In duplicating the lines below, keep every word unchanged and drop the pictures.

SOURCE MATERIAL
□ □ □ □ □

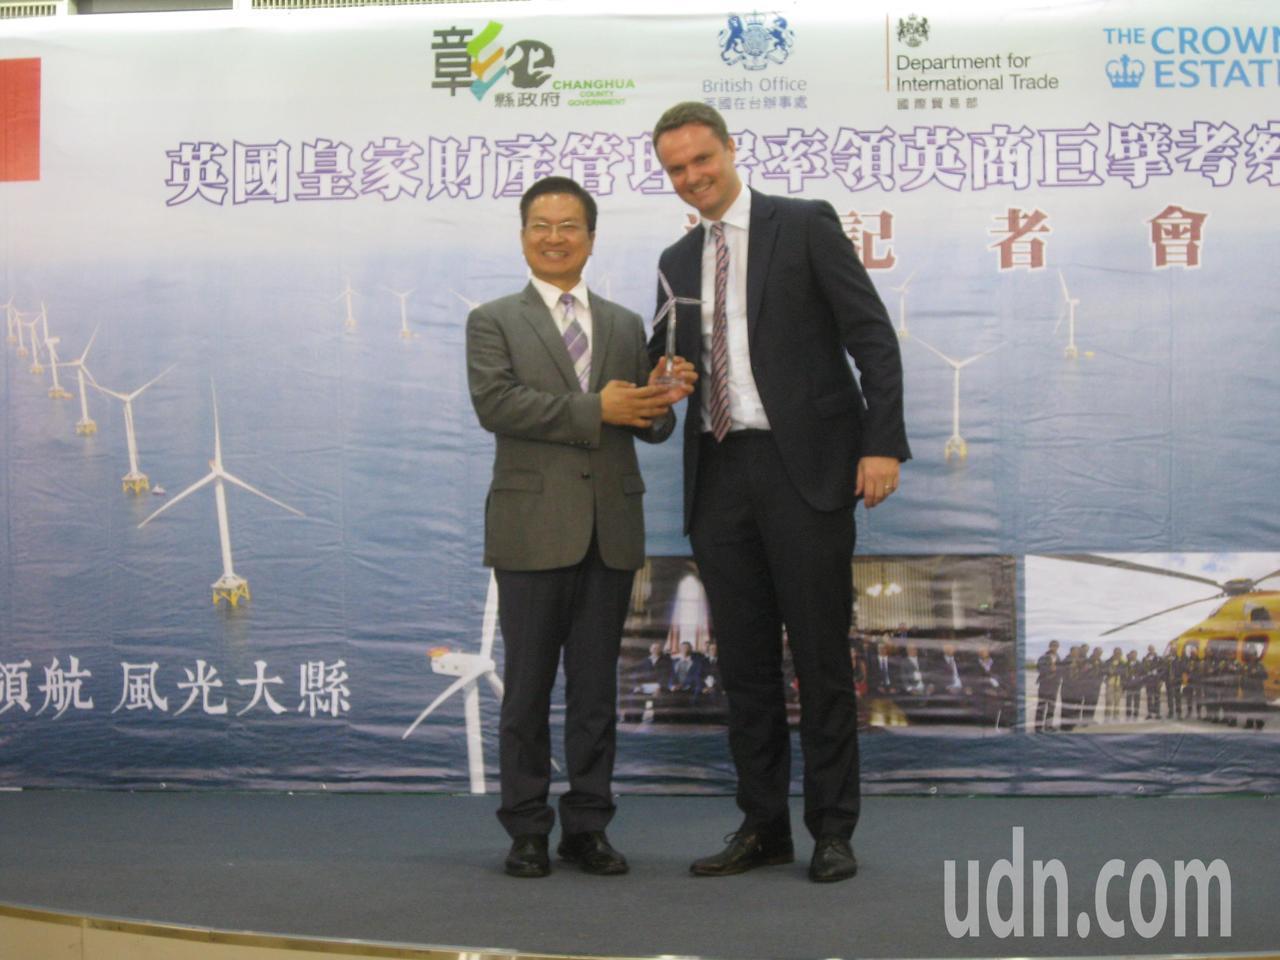 彰化縣長魏明谷(左)贈送琉璃風機模型,英國在台辦事處副代表畢騰安十分驚喜。記者簡...
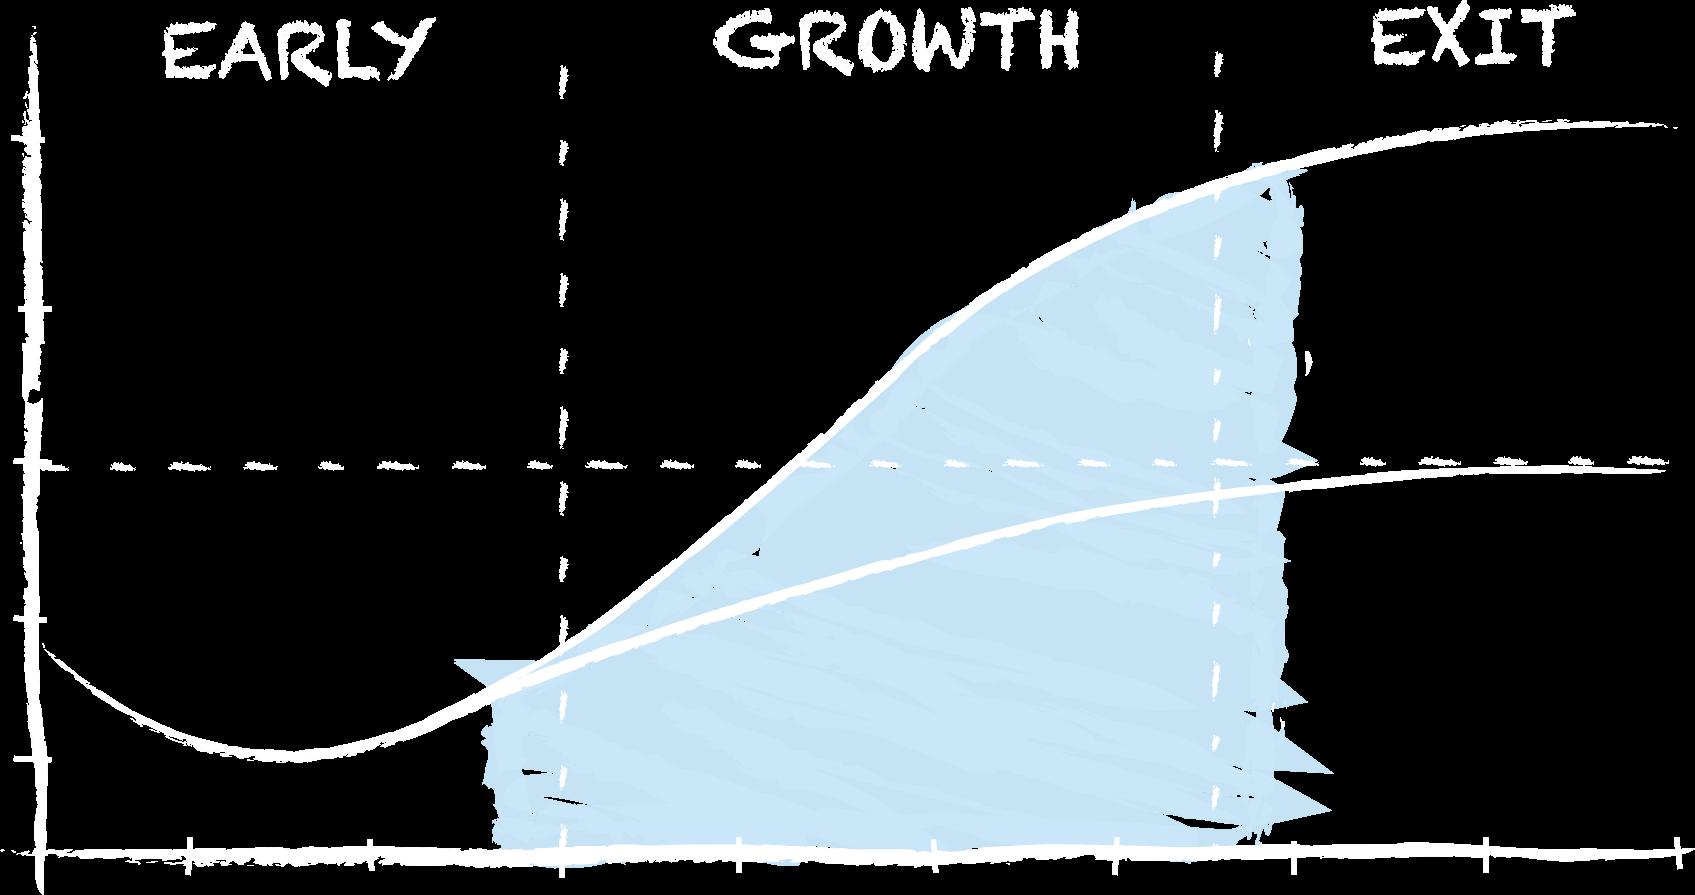 Growth Curve
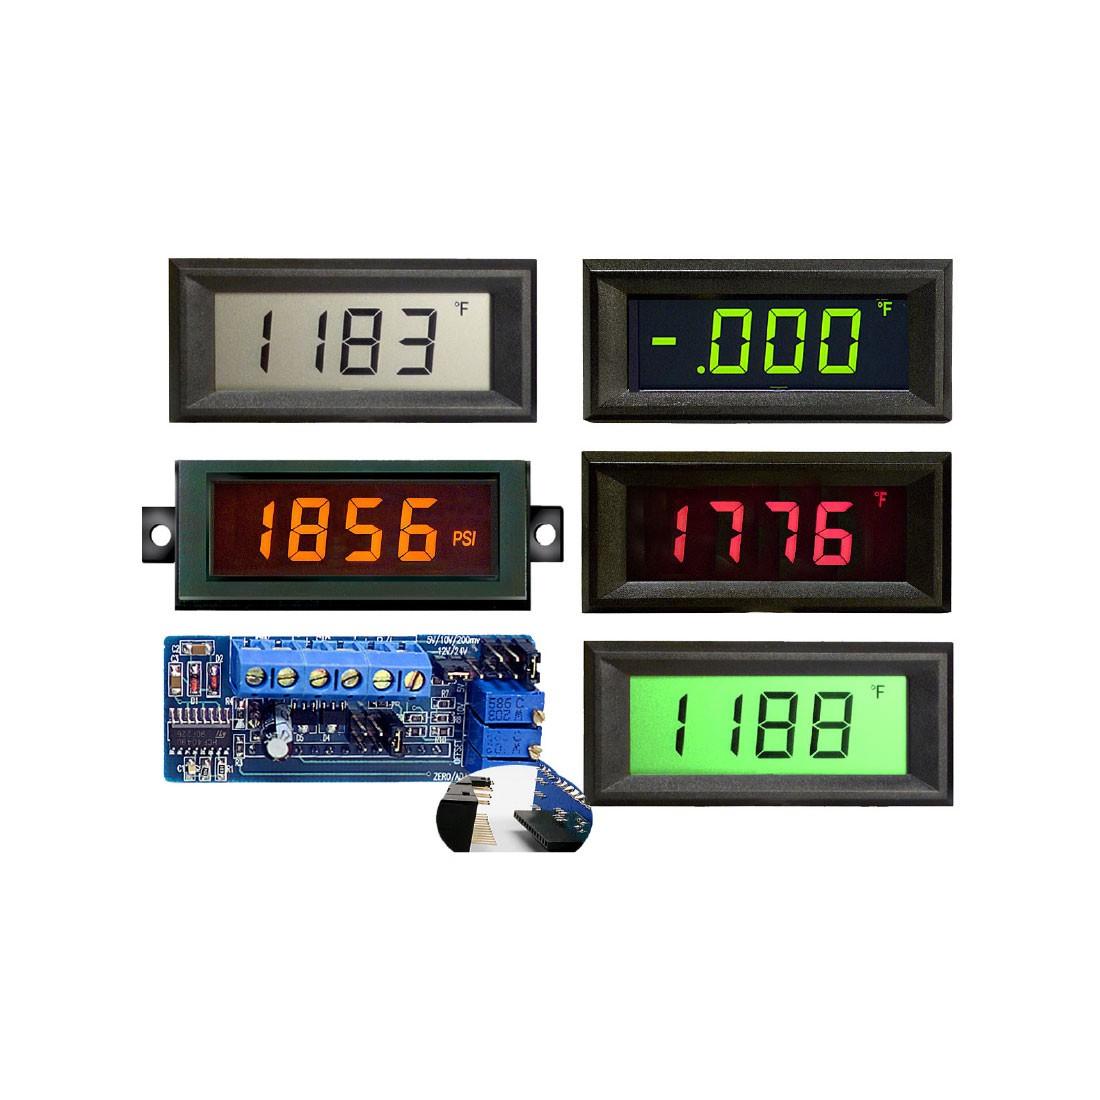 HVPI-3E Series LCD Digital Panel Meter

□ □ □ □ □

ANSWER AREA
 彰化縣長魏明谷(左)贈送琉璃風機模型,英國在台辦事處副代表畢騰安十分驚喜。記者簡...
 Growth Curve
 HVPI-3E Series LCD Digital Panel Meter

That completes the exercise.